McCain was shot down over Vietnam and tortured for 5½ years as a prisoner of war. After his return to the U.S., he was elected to the House in 1982 and the Senate in 1986. He ran unsuccessfully for president in 2000 and again in 2008, the second time as his party’s nominee.
His rebellious nature sometimes frustrated his political allies and strained friendships. But Larson, who died in 2014, and McCain stayed “the closest of friends,” McCain wrote.
In Arizona, high-profile campaigns announced that they have suspended some activity this week.
McCain was just one of 11 U.S. senators in the state’s 116-year history, and on Tuesday, primary voters will decide the nominees in races across all levels of government. There’s also the sensitive question of who will succeed McCain.
Arizona law requires the governor of the state to name an appointee of the same political party who will serve until the next general election. Since the time to qualify for November’s election is past, the election would take place in 2020, with the winner filling out the remainder of McCain term until 2022.
Possible appointees whose names circulate among Arizona politicos include McCain’s widow, Cindy, former U.S. Senator Jon Kyl and Republican Gov. Doug Ducey’s chief of staff, Kirk Adams.
Throughout the weekend, Arizona politicos across all levels of government offered remembrances of McCain. Noting McCain’s death, several candidates, including Democratic Rep. Kyrsten Sinema and Republican Rep. Martha McSally, who are expected to win their party’s races for the state’s other U.S. Senate seat, on Sunday evening said they would suspend their campaigns on Wednesday and Thursday. Ducey, whose office is coordinating services at the Arizona Capitol for McCain, will not attend any campaign events between now and when McCain is buried.
In Phoenix, a memorial outside McCain’s office drew James Olsen, who was on a business trip from Columbia, S.C.
“I’m all the way here.
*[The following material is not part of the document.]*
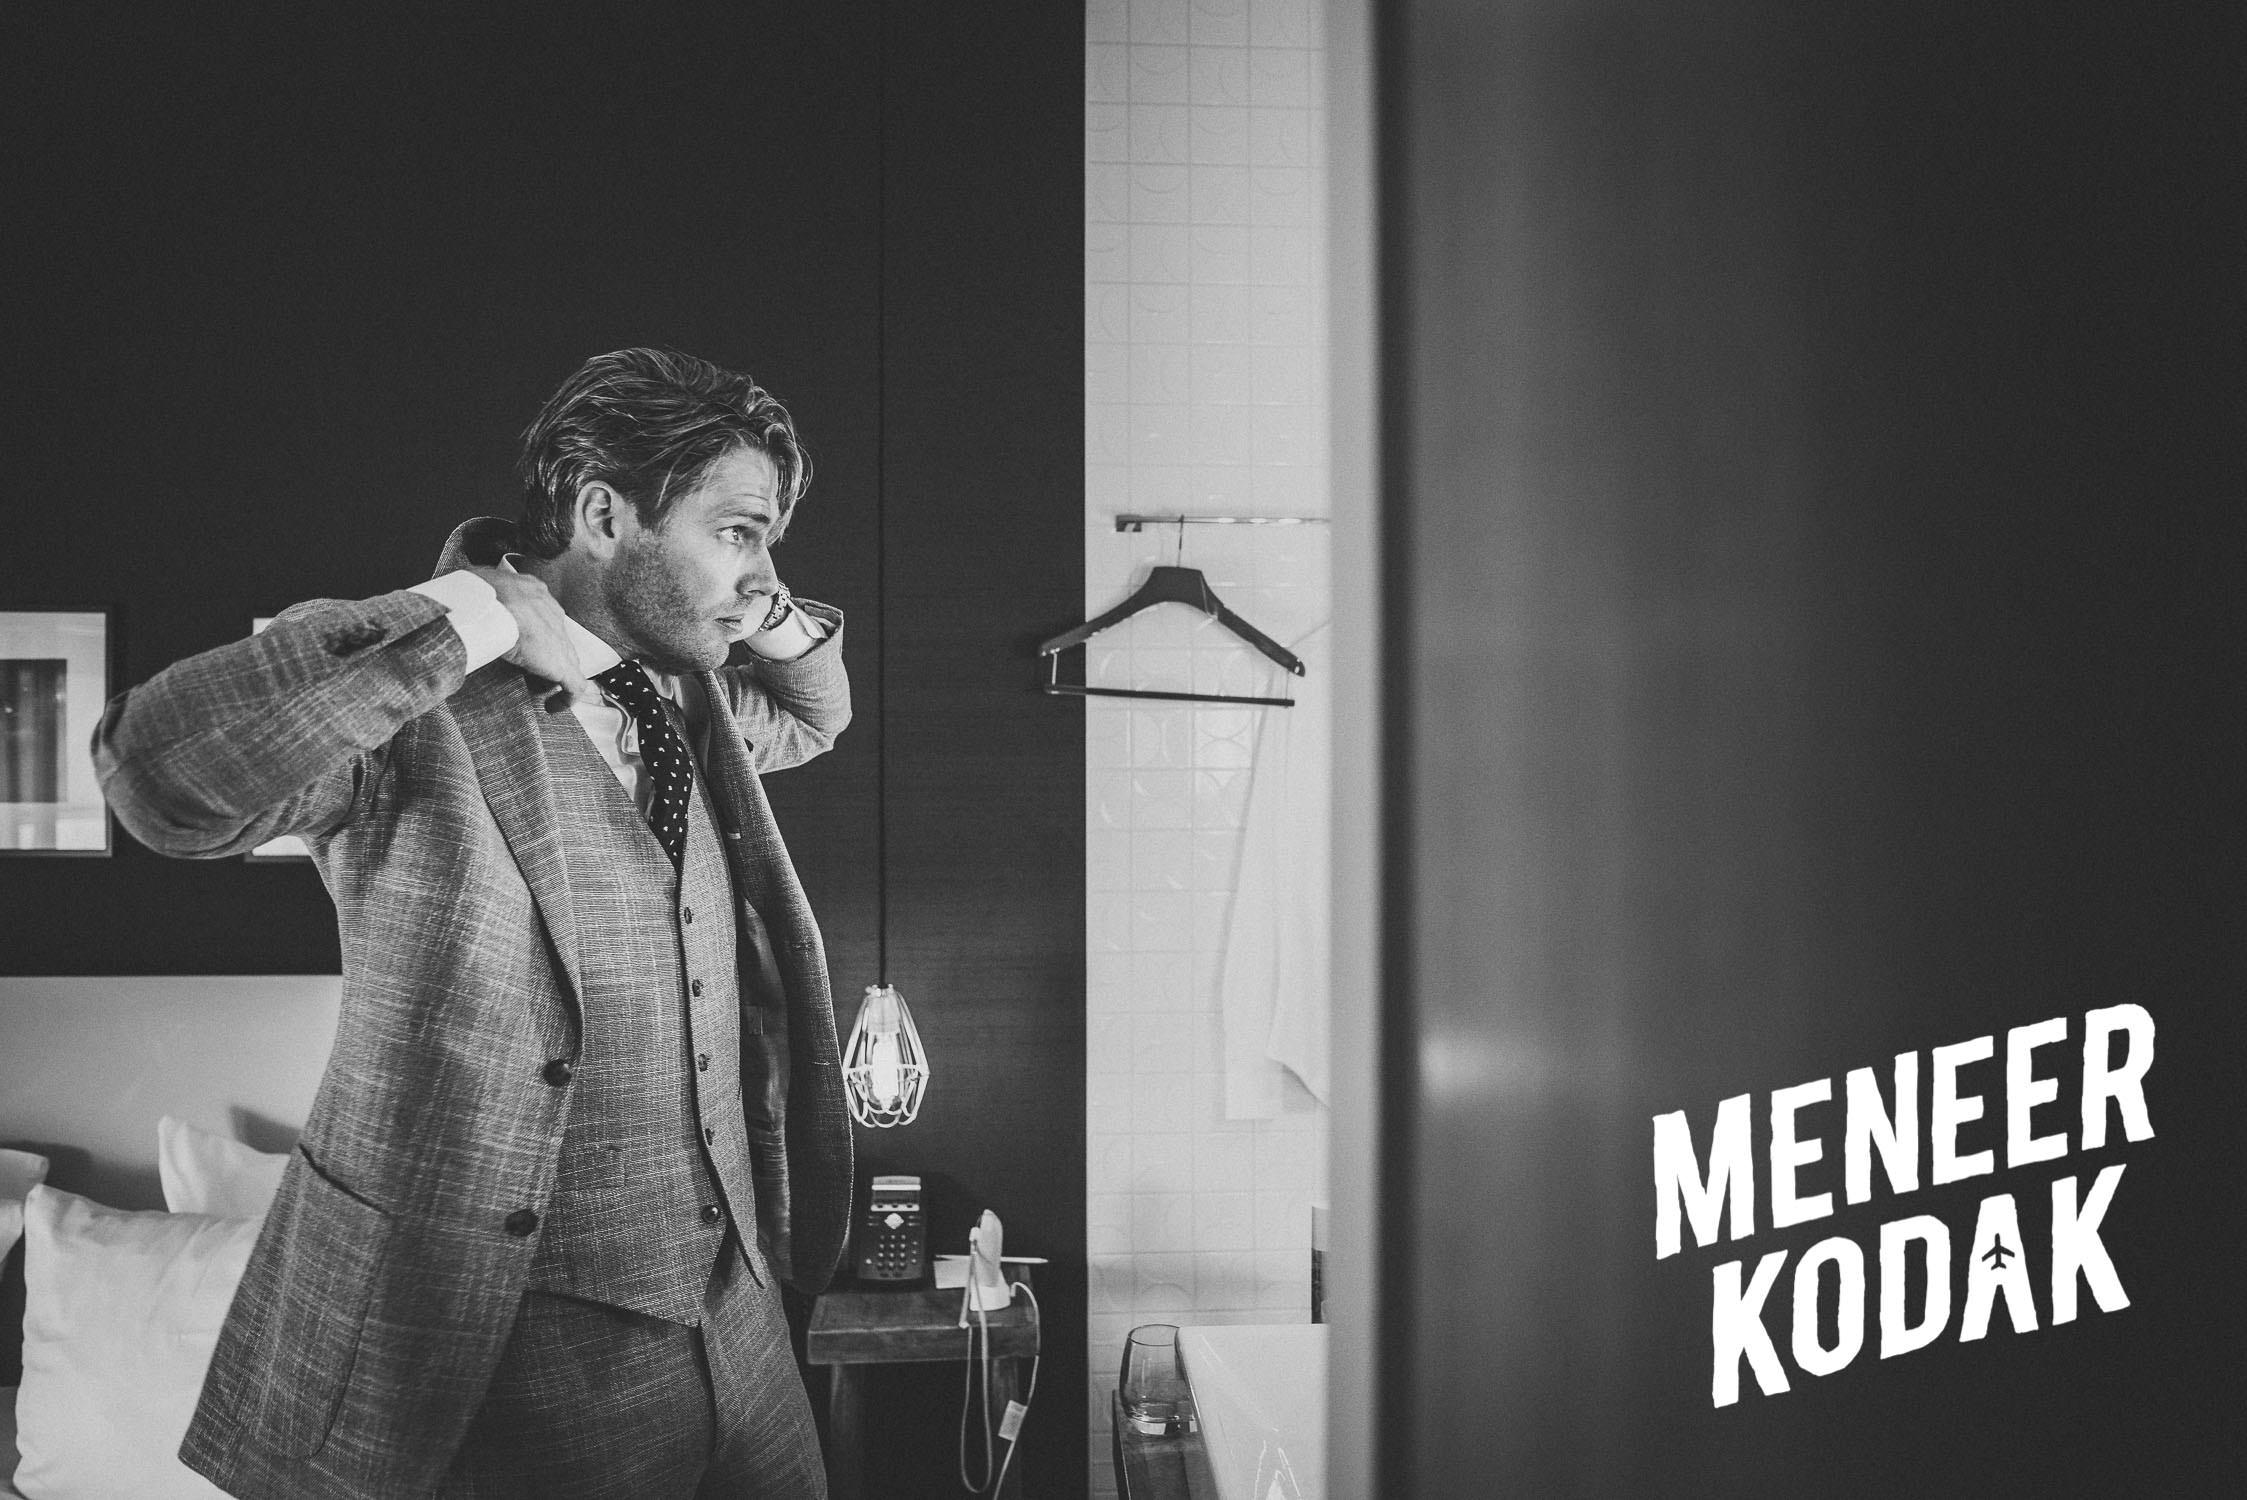 Meneer Kodak - Strandbruiloft - Noordwijk - K&A-059.jpg

I need to pay my respects,” Olsen said.
Tributes poured in from around the globe. French President Emmanuel Macron tweeted in English that McCain “was a true American hero. He devoted his entire life to his country.” Israel’s prime minister, Benjamin Netanyahu, said McCain’s support for the Jewish state “never wavered. It sprang from his belief in democracy and freedom.” And Germany’s chancellor, Angela Merkel, called McCain “a tireless fighter for a strong trans-Atlantic alliance. His significance went well beyond his own country.”
Sen. Amy Klobuchar, D-Minn., told CNN’s “State of the Union,” “He had a joy about politics and a love for his country that was unmatched. And while he never made it to the presidency, in the Senate, he was the leader that would see a hot spot in the world and just say, we need to go there and stand up for that democracy.”